Natural and technological sinks…

Two “natural” sinks absorb the CO₂ released into the atmosphere: the oceans and continental ecosystems (of which the soil is the main receptor, particularly in the case of forest systems, where the carbon stock is located below the surface): forests, meadows, wetlands, etc. The atmosphere has been exchanging carbon naturally with other spheres (hydrosphere, lithosphere, biosphere) for billions of years in reservoirs where naturally produced carbon is stored. Nevertheless, in recent years, other forms of sinks have been developed to absorb anthropogenic (human-generated) CO₂, which is produced in much larger quantities than natural sinks can currently handle: 39 billion tonnes of CO₂ in 2020. Technological devices are being put in place to first capture and then store or absorb carbon flows. It is currently possible to activate two levers: supporting the strengthening of the so-called “natural” carbon cycle through reforestation, ecological practices, etc., and innovation, by designing artificial “technological” or “man-made”sinks that mimic the actions of a natural sink.

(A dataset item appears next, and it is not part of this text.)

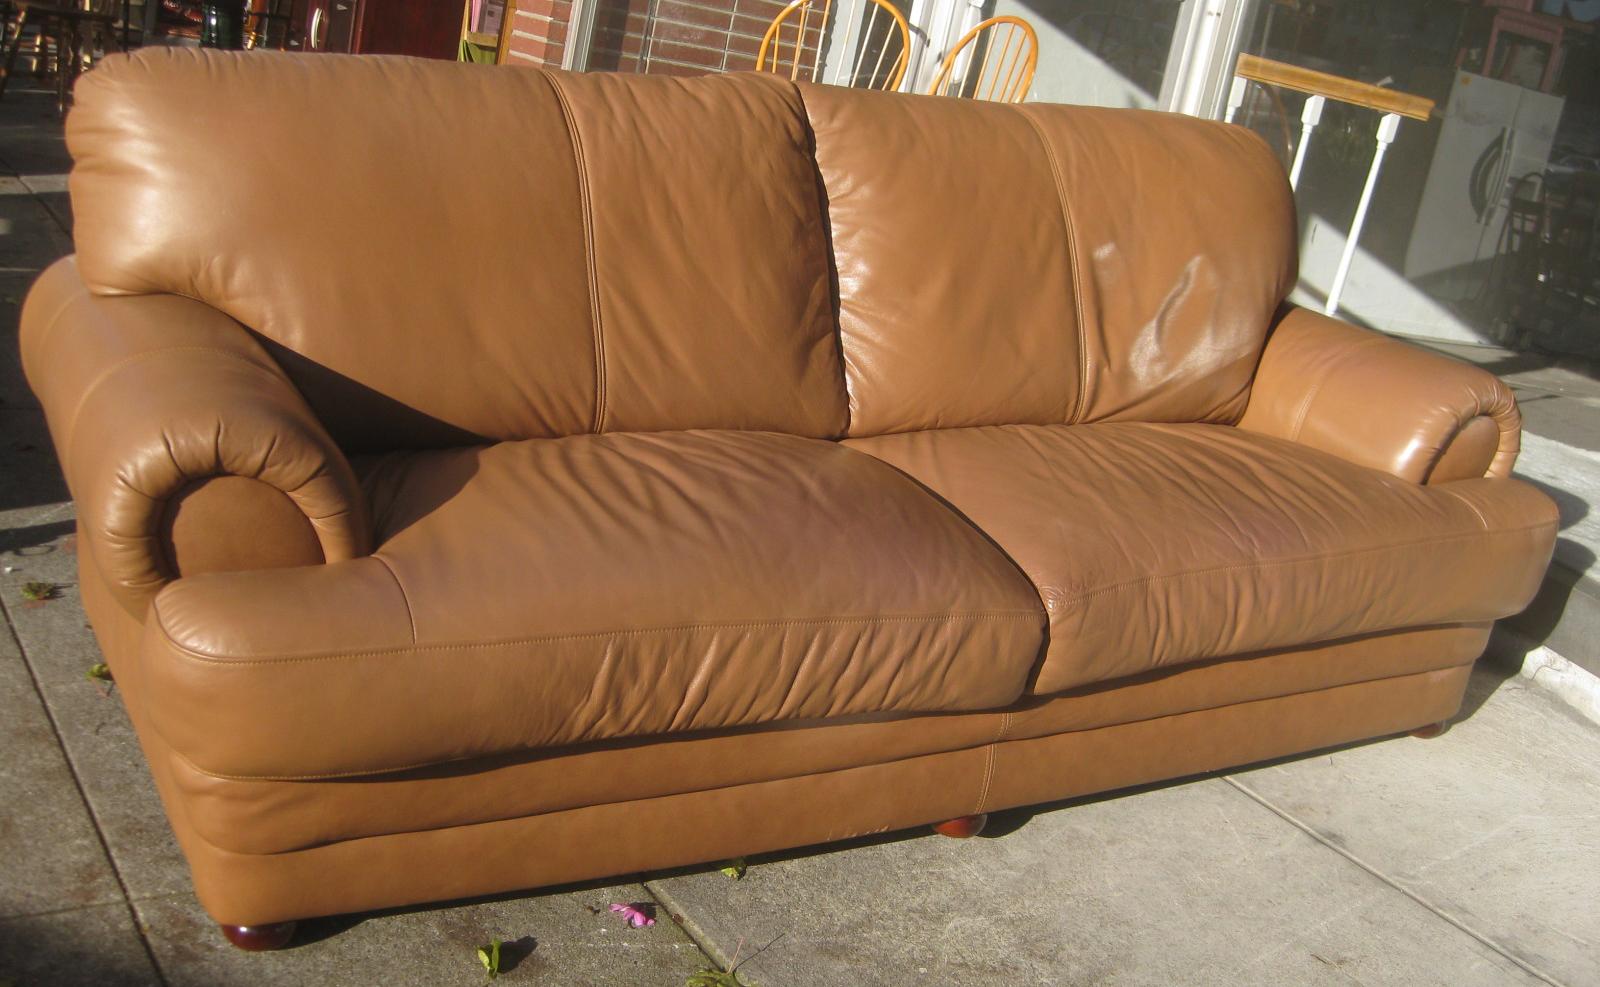 Uhuru Furniture Collectibles Sold Tan Soft Leather Sofa 200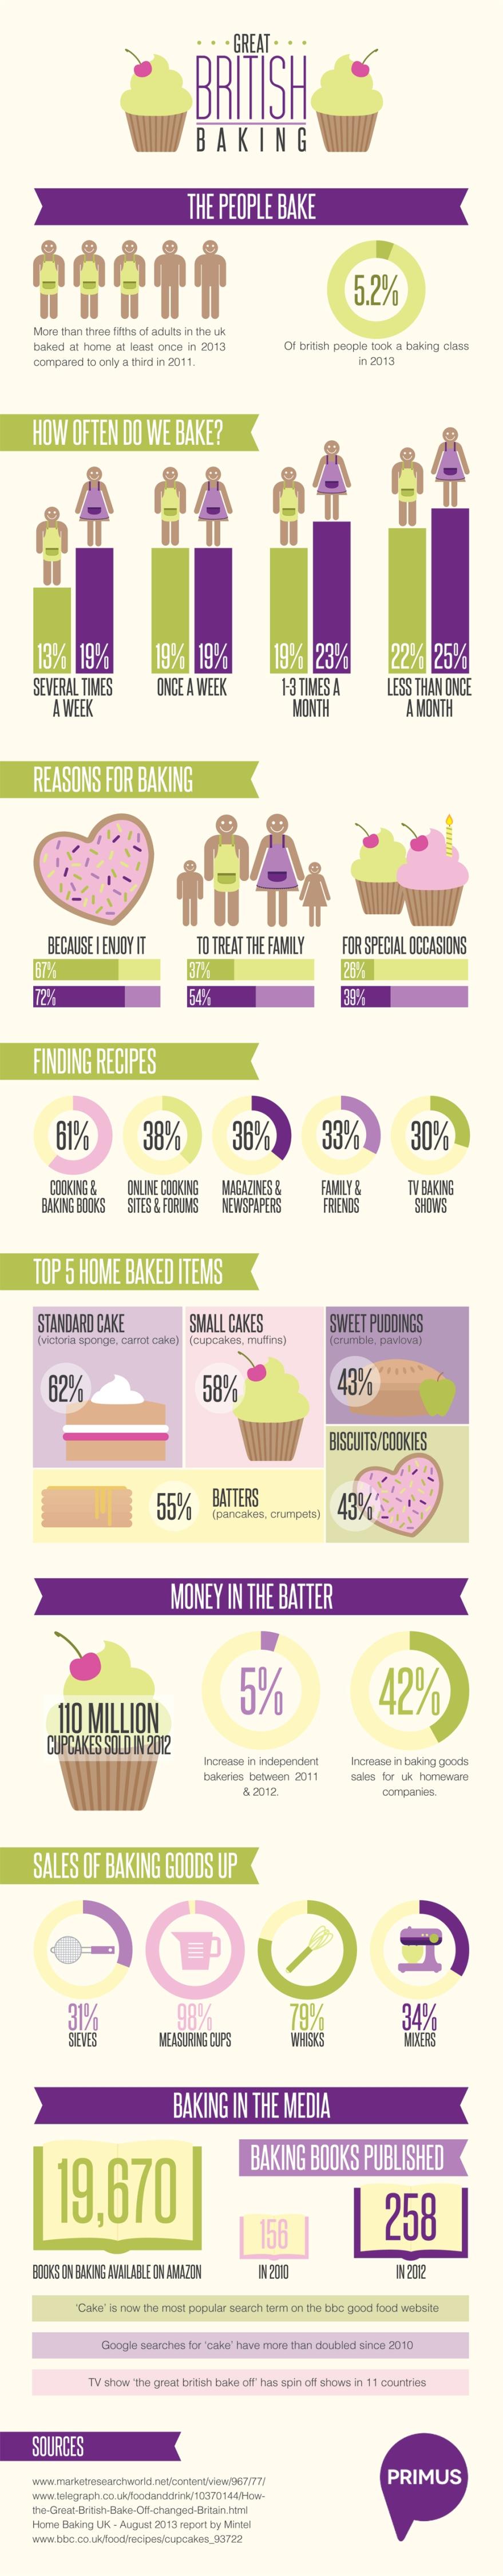 great-british-baking-infographic

… with a relative impact on climate change

The 2021 IPCC report explores several scenarios for climate change. While the optimistic scenario does not foresee the total annihilation of the absorption capacity of CO₂ sinks, a catastrophic scenario would turn these former storage sites into new sources of atmospheric carbon. The drying up of the various biomes (particularly the boreal and tropical rainforests), changes in ocean currents or the acidification of the oceans could mean, in the long term, that these former natural carbon sinks would no longer be capable of capturing CO₂ and on the contrary, they would start to produce it. To prevent this from happening, the European Commission paved the way for an environmental strategy on carbon sinks in September 2021. The target of carbon neutrality announced for 2050 is supported by the increasing implementation of solutions that absorb excess carbon, whether by natural or artificial means. While this objective primarily involves reducing GHGs, the action plans include the implementation of a new economic model, “carbon farming”, which aims to financially reward good practices in terms of CO₂ storage and absorption by the agricultural and forestry sectors. The technical innovations are vast, and can range from capture at source to the burial of CO₂. However, storage capacity varies widely depending on the solutions chosen and, on its own, it is difficult to sustainably curb the consequences of climate change. Biomass solutions also raise the question of sustainability and governance of such projects. Requiring ever-larger tracts of arable land, they undermine food production, mainly in southern countries, to enable northern countries to “offset” their emissions. This explains the need to establish resilient carbon sinks that can adapt to the needs of populations and to environmental changes.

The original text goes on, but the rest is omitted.